[[ PROVIDED MATERIAL open ]]

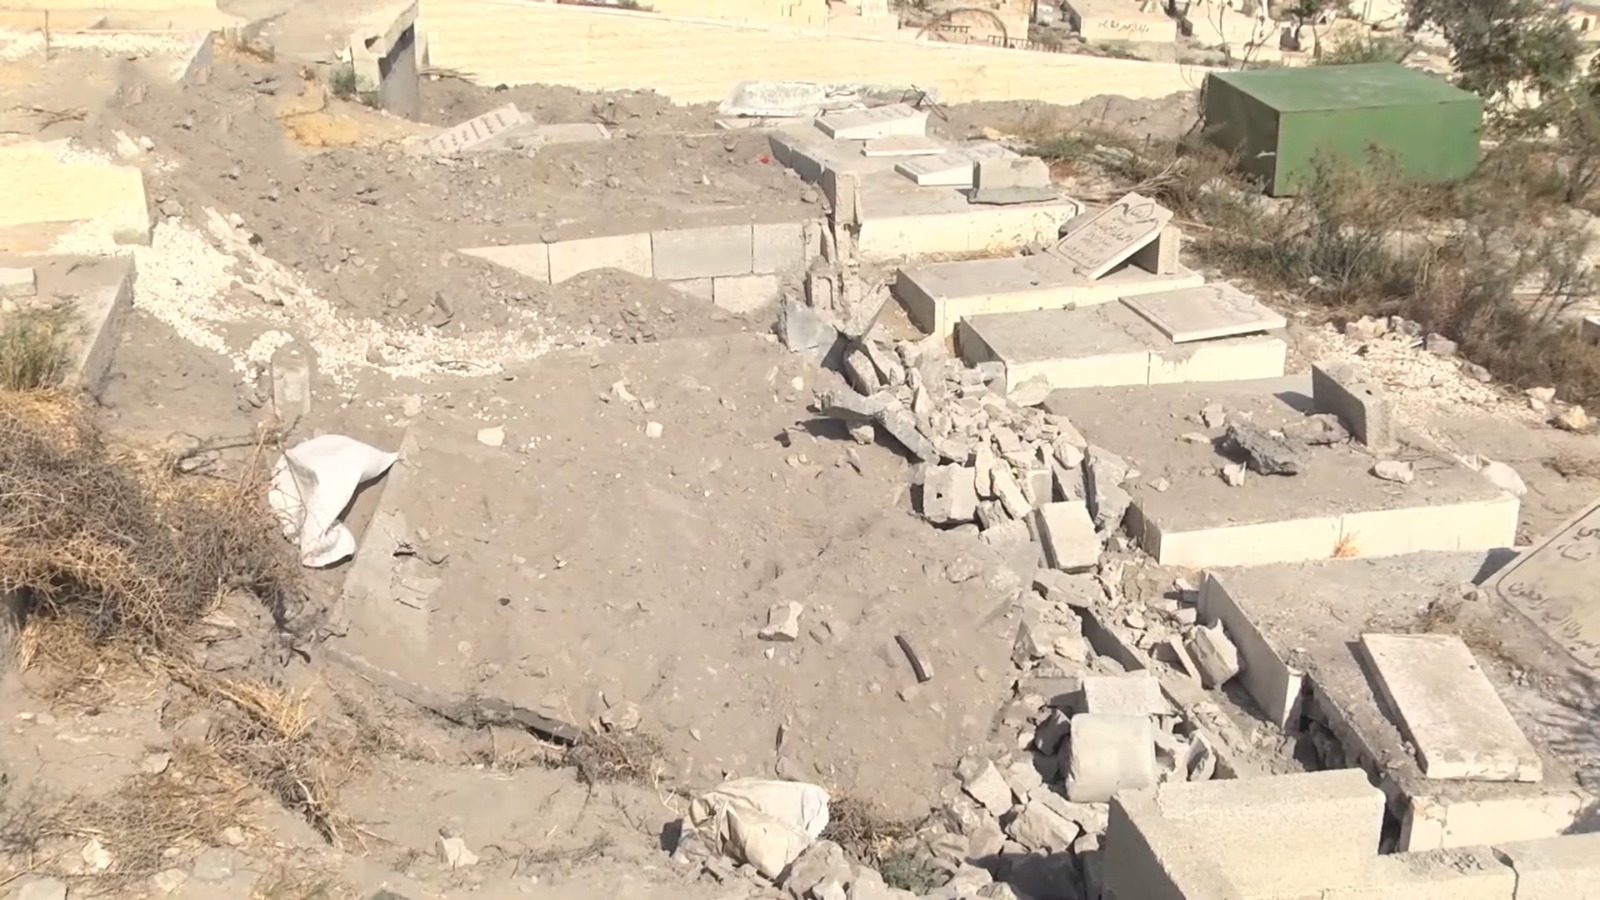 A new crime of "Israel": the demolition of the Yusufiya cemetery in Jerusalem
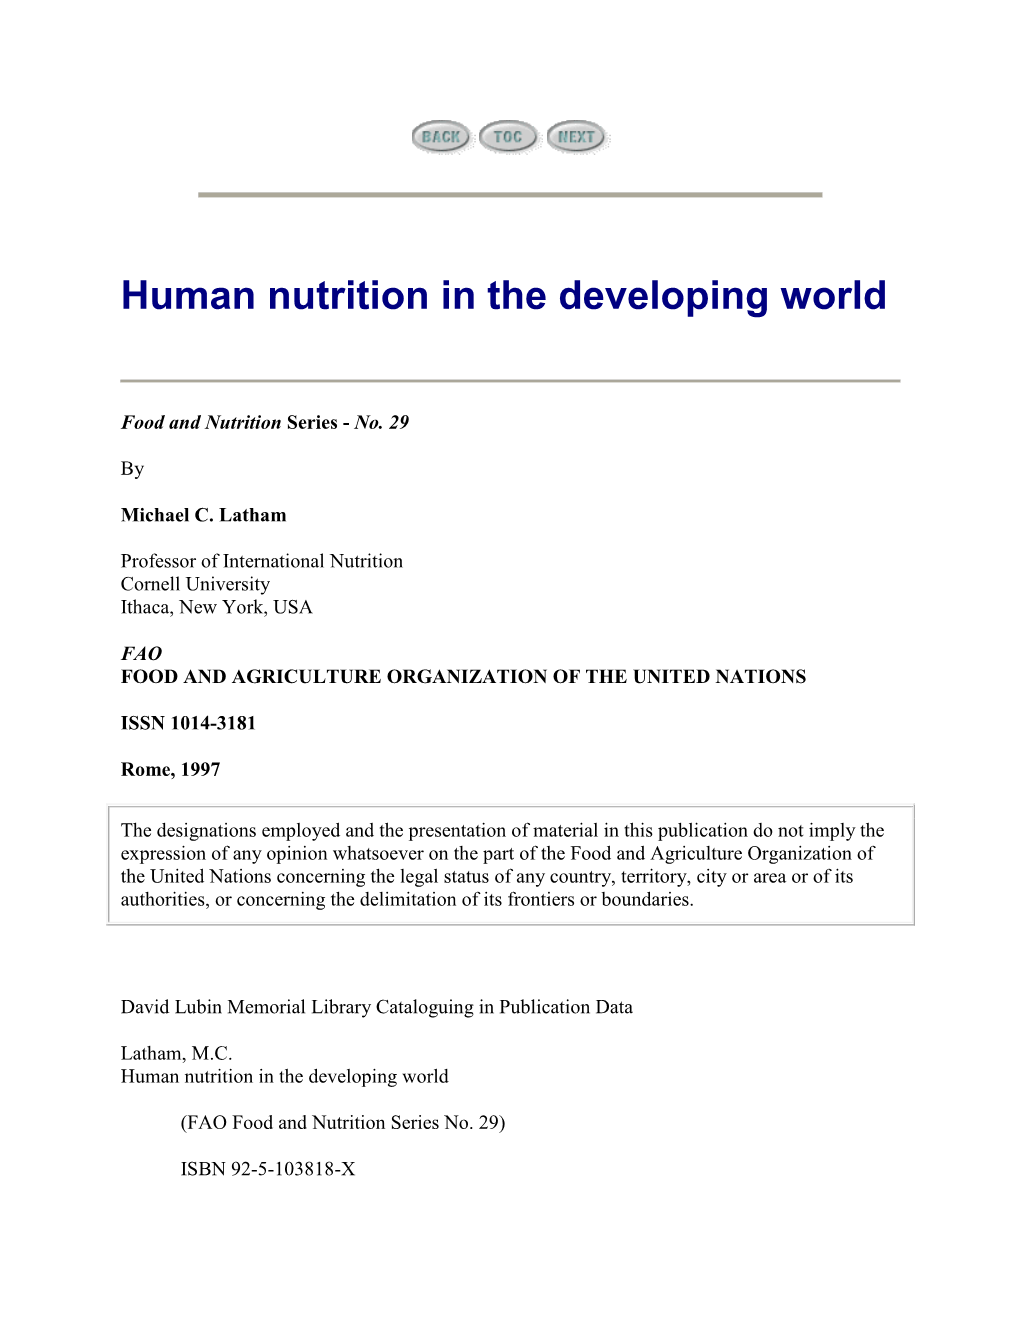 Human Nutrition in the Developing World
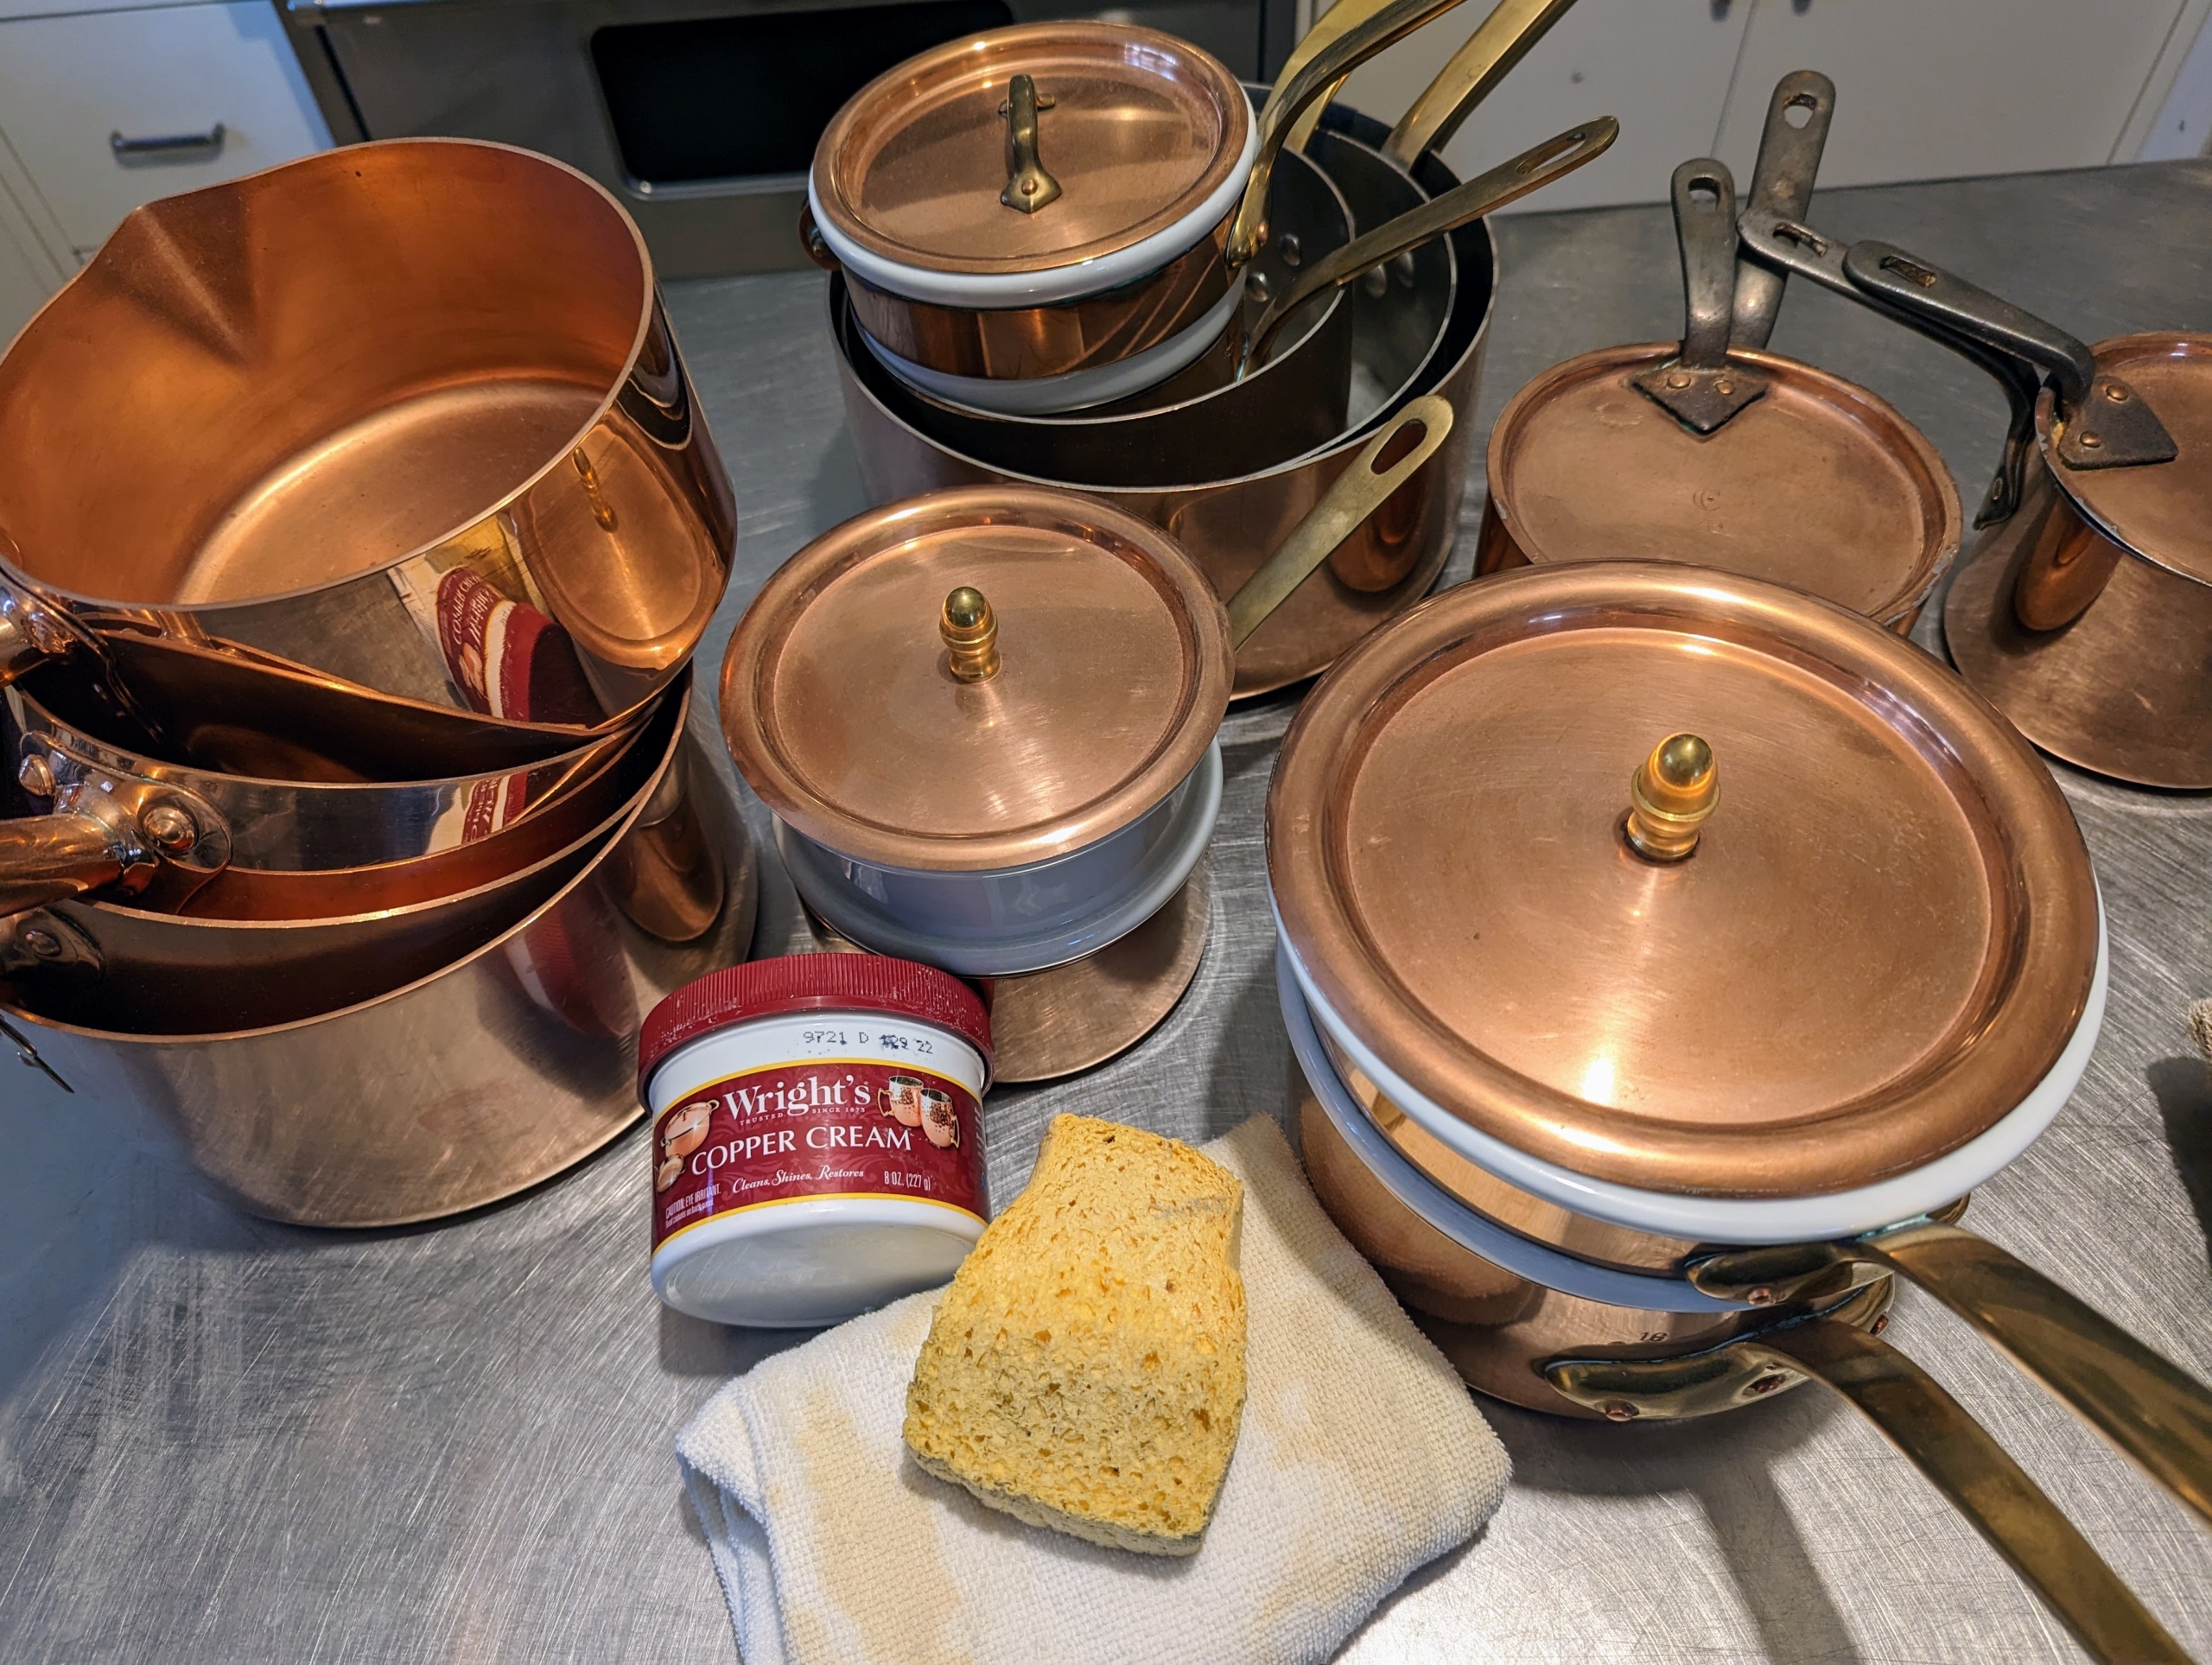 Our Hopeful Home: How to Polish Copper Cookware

[[ PROVIDED MATERIAL closed ]]

PROBLEM DETAILS
Could you restate all of the data above word for word and skip every picture?

ANSWER AREA
 A new crime of "Israel": the demolition of the Yusufiya cemetery in Jerusalem
 Human Nutrition in the Developing World
 Our Hopeful Home: How to Polish Copper Cookware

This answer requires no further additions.